Answer:
a. 2 H⁺ (aq) + 2 OH⁻ (aq) → 2H₂O(l)
b. Pb²⁺(aq) + 2I⁻(aq) → PbI₂(s)
Explanation:
First of all, we must determine if the reactants produce precipitates:
A. HNO₃, Ca(OH)₂
B. Pb(NO₃)₂, KI
A. This is a neutralization reaction:
Acid + Base → Water and Salt
The net ionic equation shows, that water is produced
We dissociate the compounds:
HNO₃ → H⁺(aq) + NO₃⁻(aq)
Ca(OH)₂(aq) → Ca²⁺(aq) + 2OH⁻(aq)
Ionic complete equation:
2H⁺(aq) + 2NO₃⁻(aq) + Ca²⁺(aq) + 2OH⁻(aq) → Ca²⁺(aq) + 2NO₃⁻(aq) + H₂O(l)

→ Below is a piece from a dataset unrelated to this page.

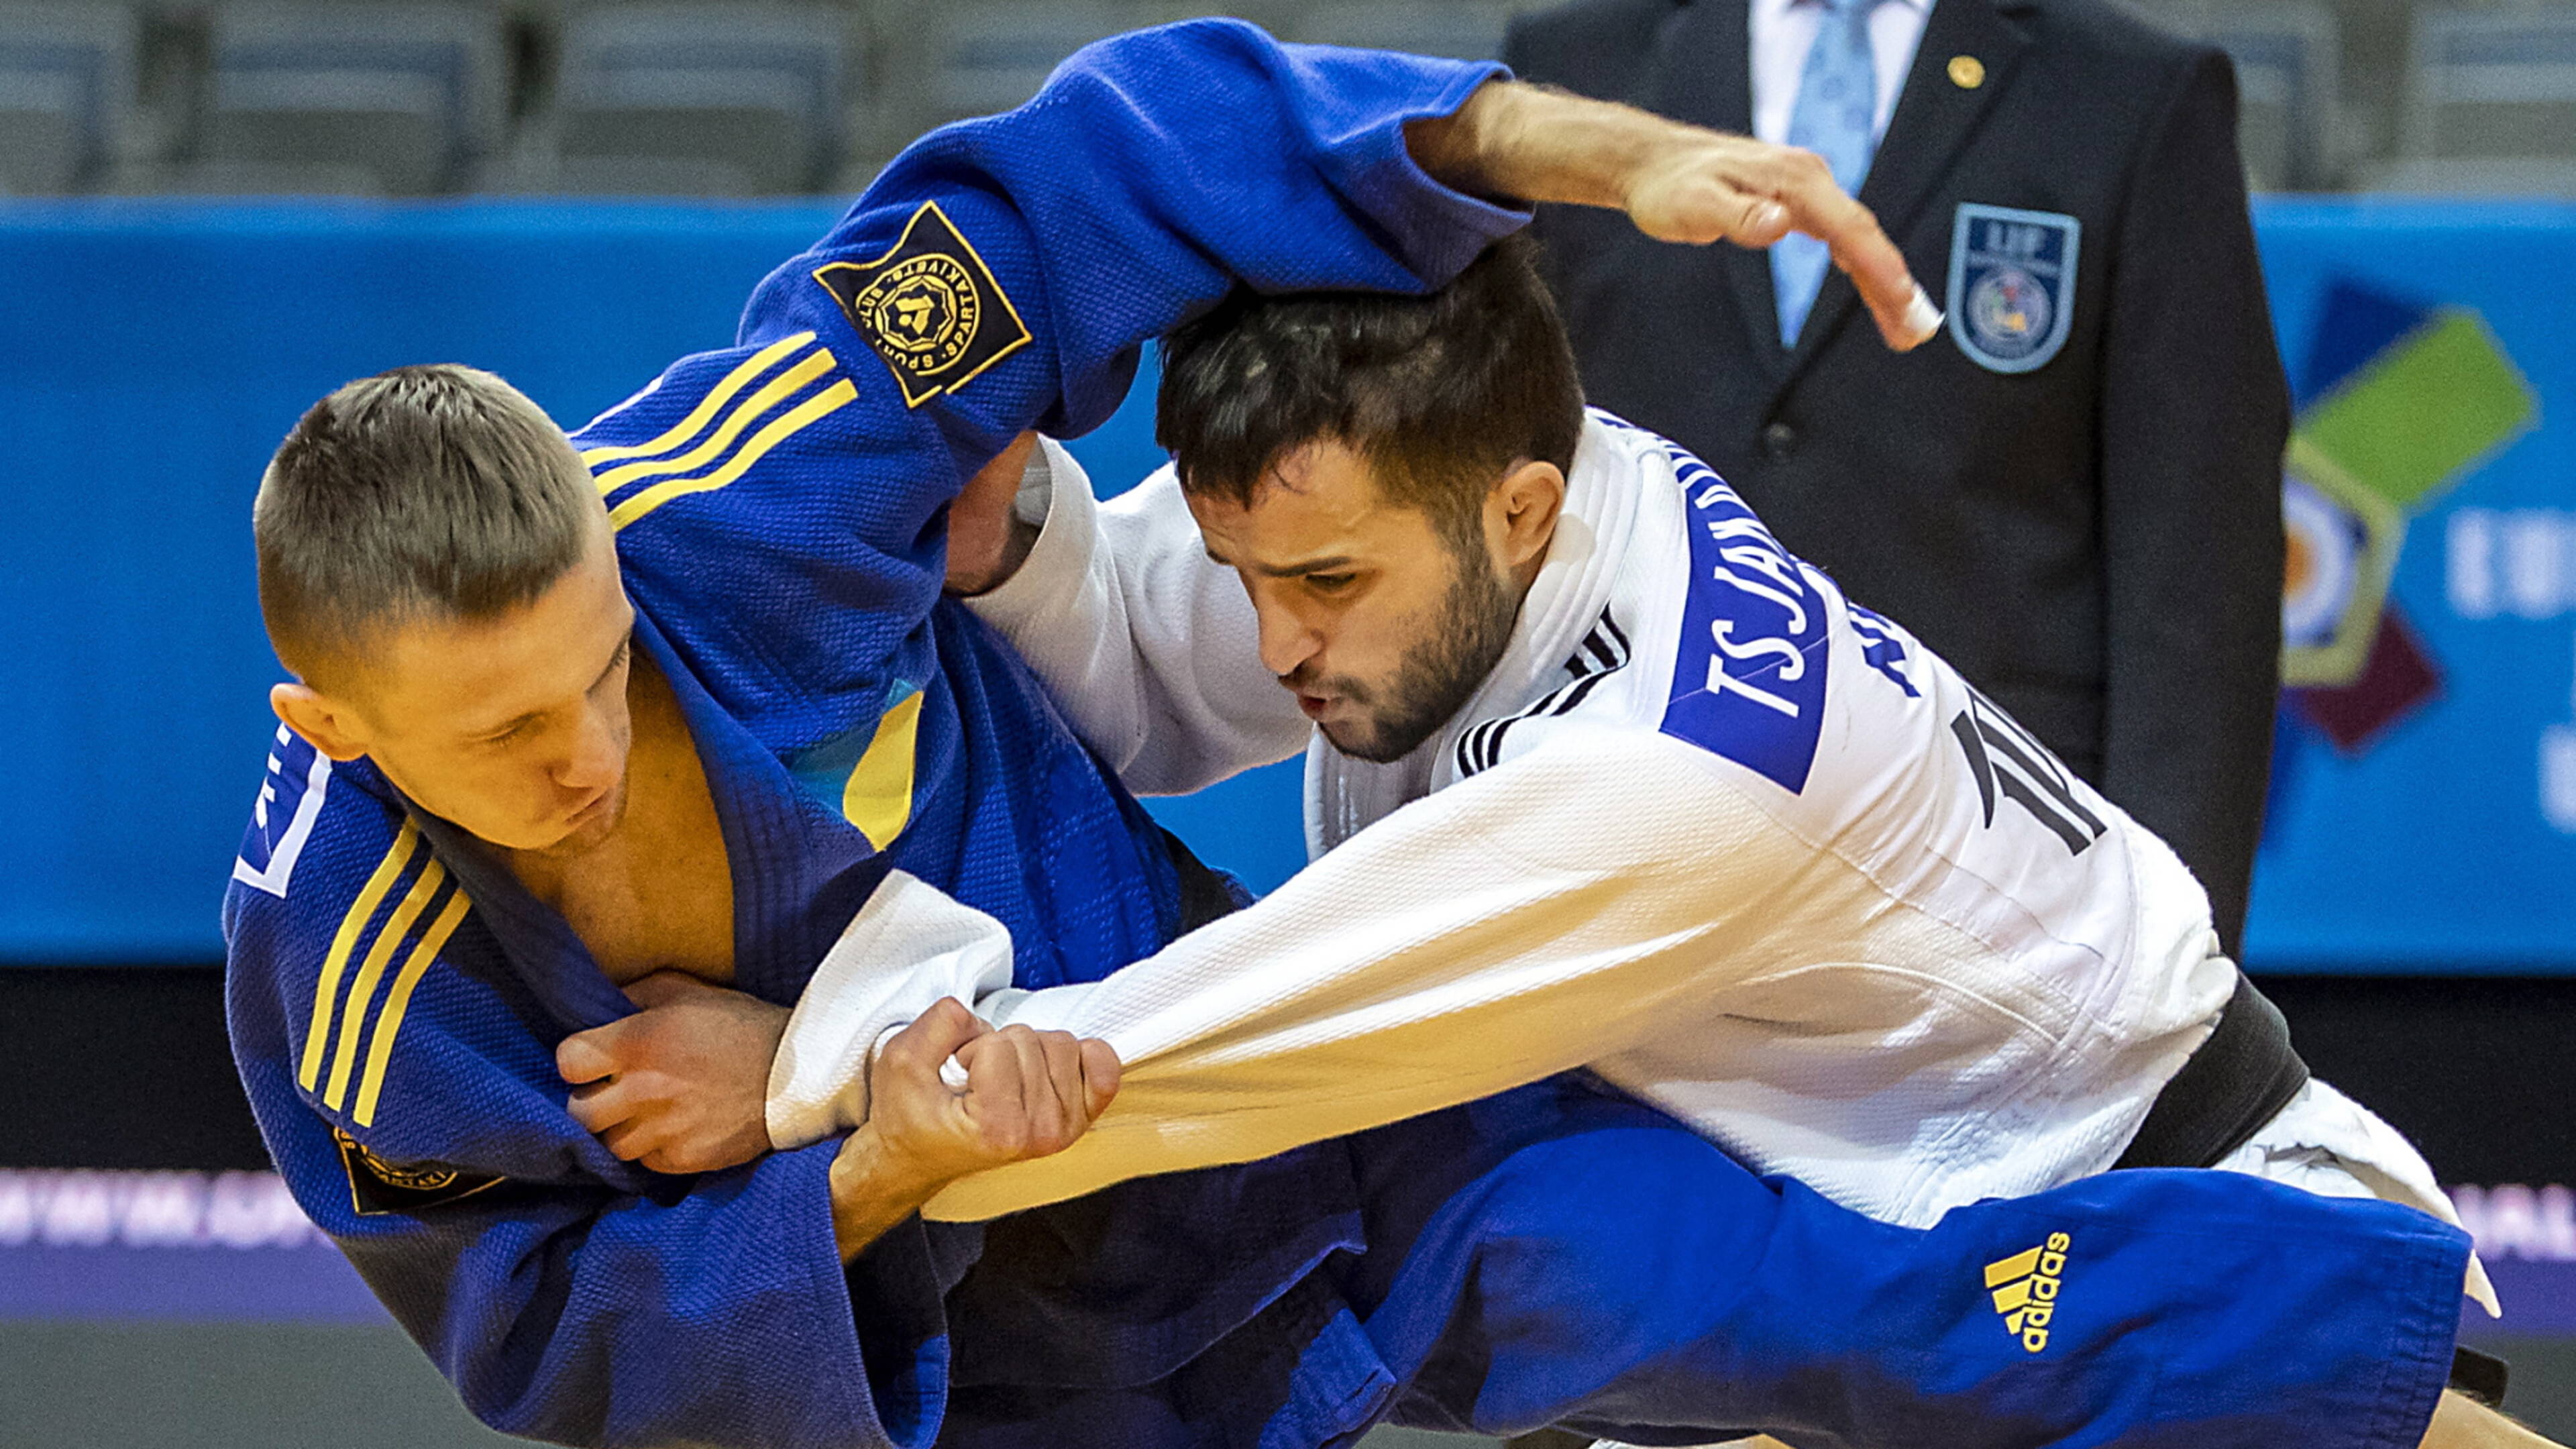 Judo: Tornike Tsjakadoea vs. Simeon Catharina, 2022 Judo Grand Slam Tbilisi, Competitive combat sports. 3840x2160 4K Wallpaper.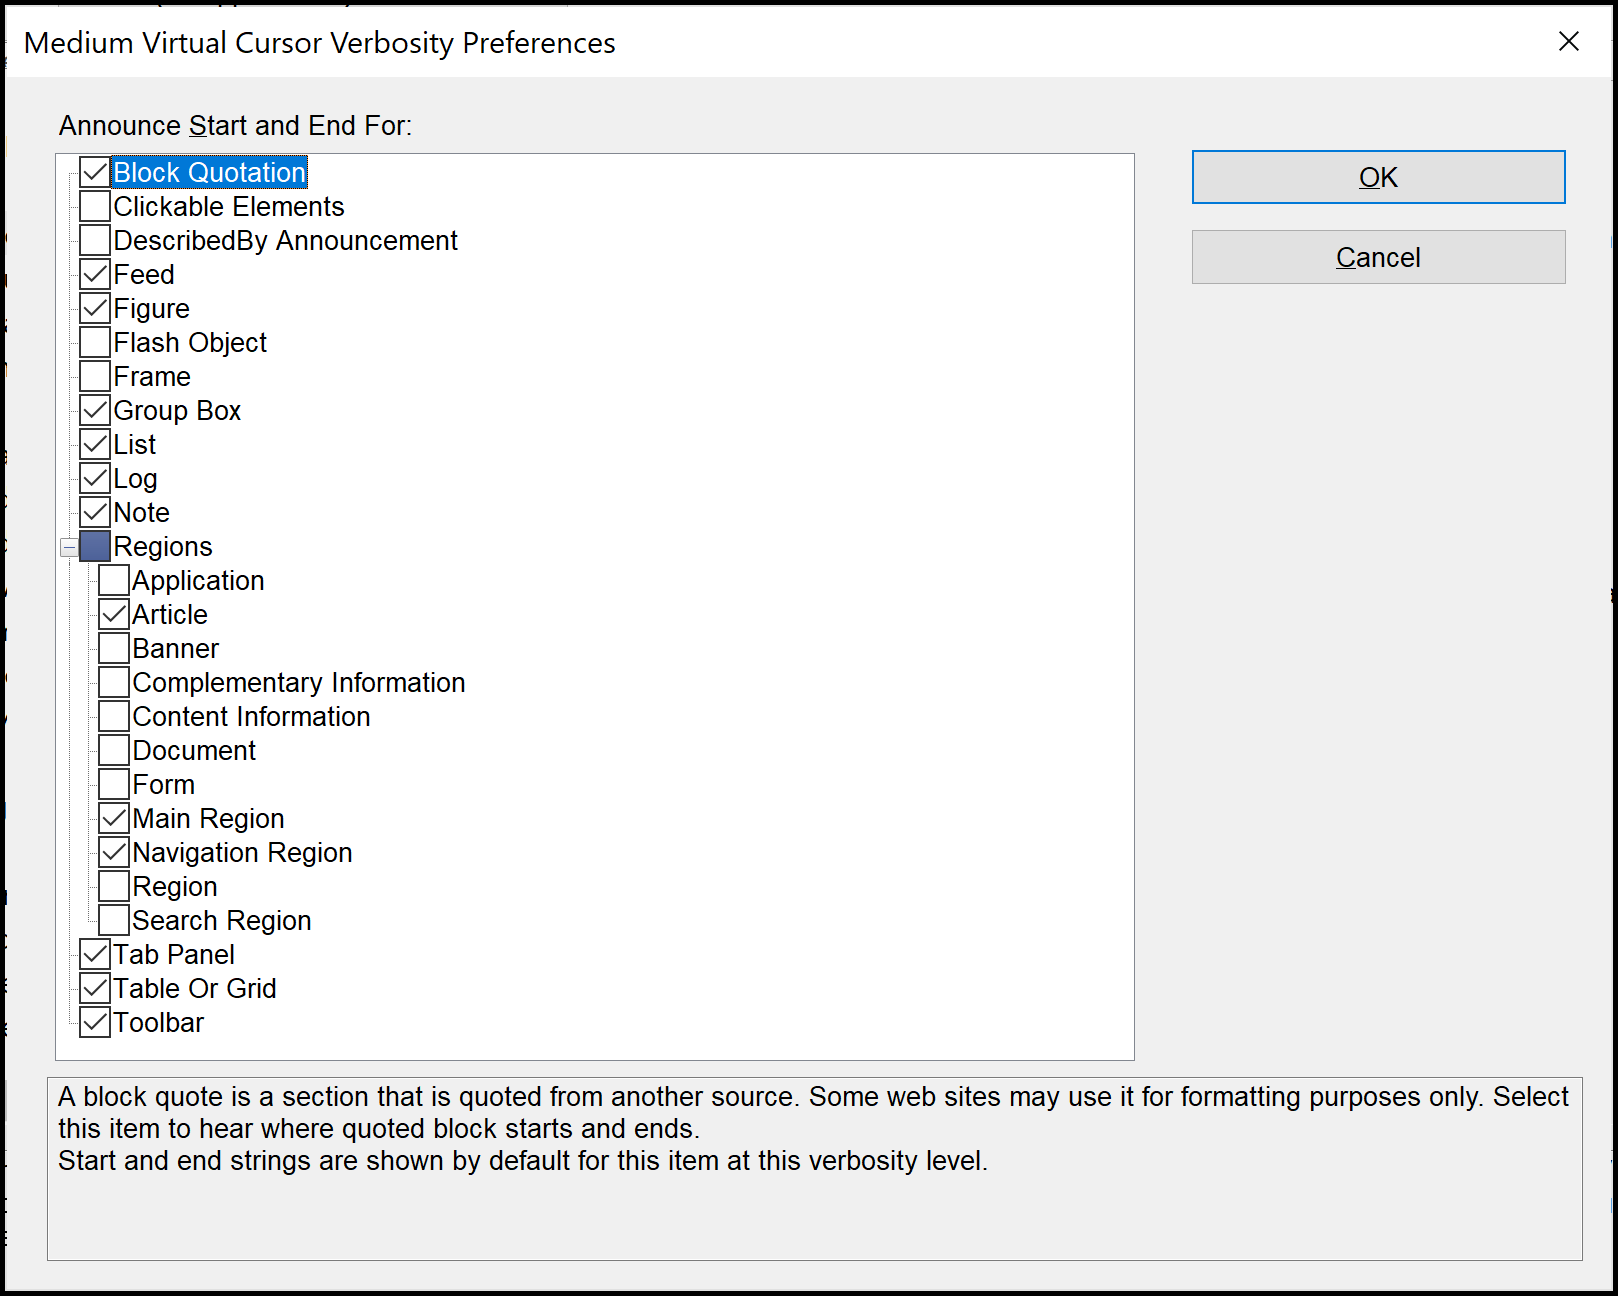 JAWS Settings Center showing medium virtual cursor verbosity preferences.

Net ionic equation: 2 H⁺ (aq) + 2 OH⁻ (aq) → H₂O(l)
B. Pb(NO₃)₂, KI
We dissociate: Pb(NO₃)₂ (aq) → Pb²⁺(aq) + 2NO₃⁻(aq)
KI(aq) → K⁺(aq) + I⁻(aq)
Salts from nitrate are soluble but, when the iodide reacts, it can make a lead iodide precipitate
Ionic complete equation:
Pb²⁺(aq) + 2NO₃⁻(aq) + K⁺(aq) + 2I⁻(aq) → K⁺(aq) + 2NO₃⁻(aq) +PbI₂(s)
Net ionic equation: Pb²⁺(aq) + 2I⁻(aq) → PbI₂(s)
We cancel the repeated ions